» SUPPLIED RECORDS
Segment Open

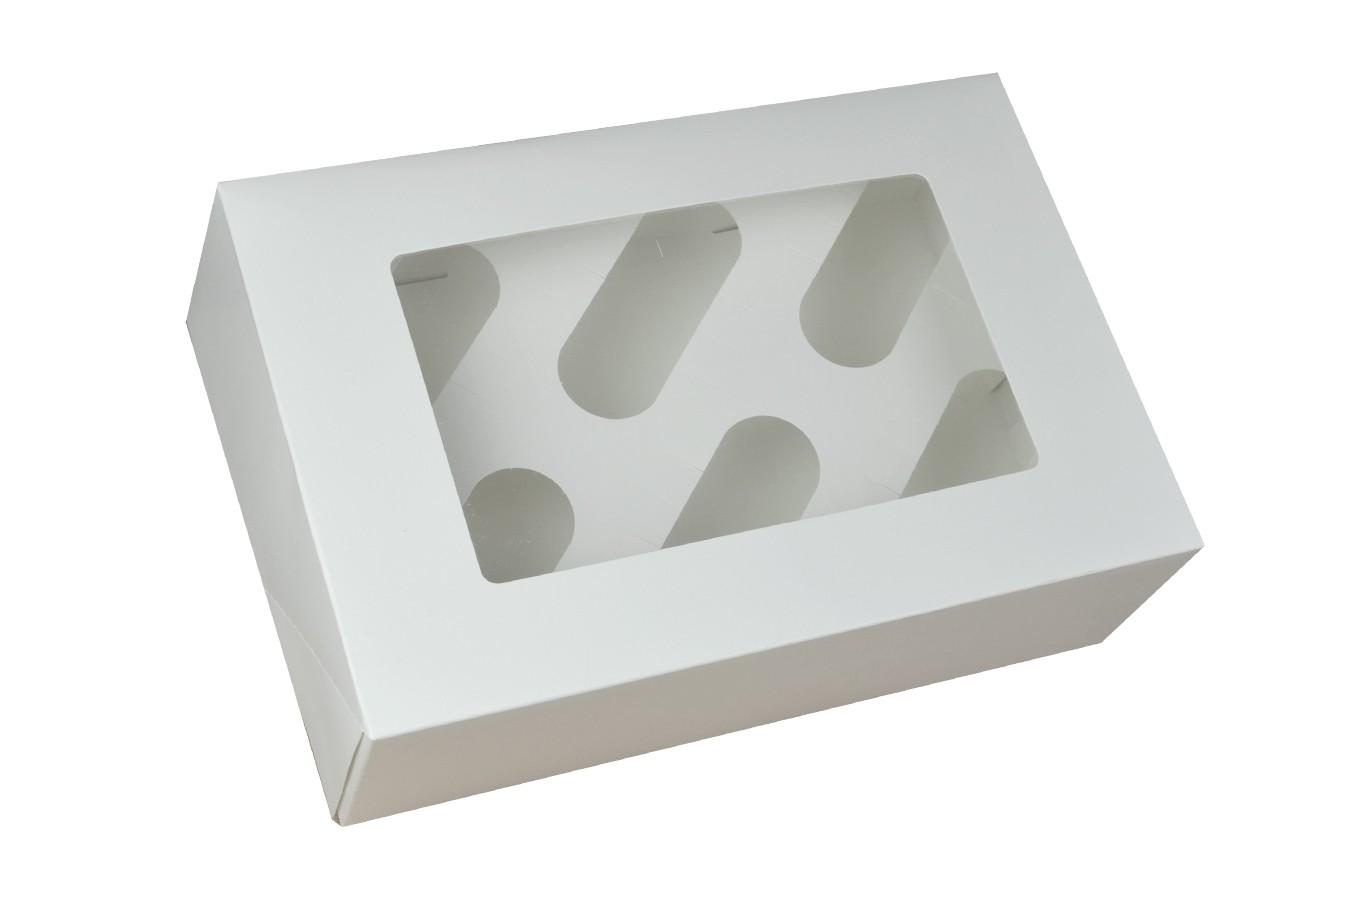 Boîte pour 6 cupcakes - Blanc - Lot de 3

Segment Closed
Segment Open

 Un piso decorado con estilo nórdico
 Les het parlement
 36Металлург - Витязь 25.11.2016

Segment Closed

» WHAT IS NEEDED
Return only the lines between the one holding "Les het parlement" and the one holding "36Металлург - Витязь 25.11.2016", inclusive, exactly as they appear above.

» RESULT OF THE TASK
 Les het parlement
 36Металлург - Витязь 25.11.2016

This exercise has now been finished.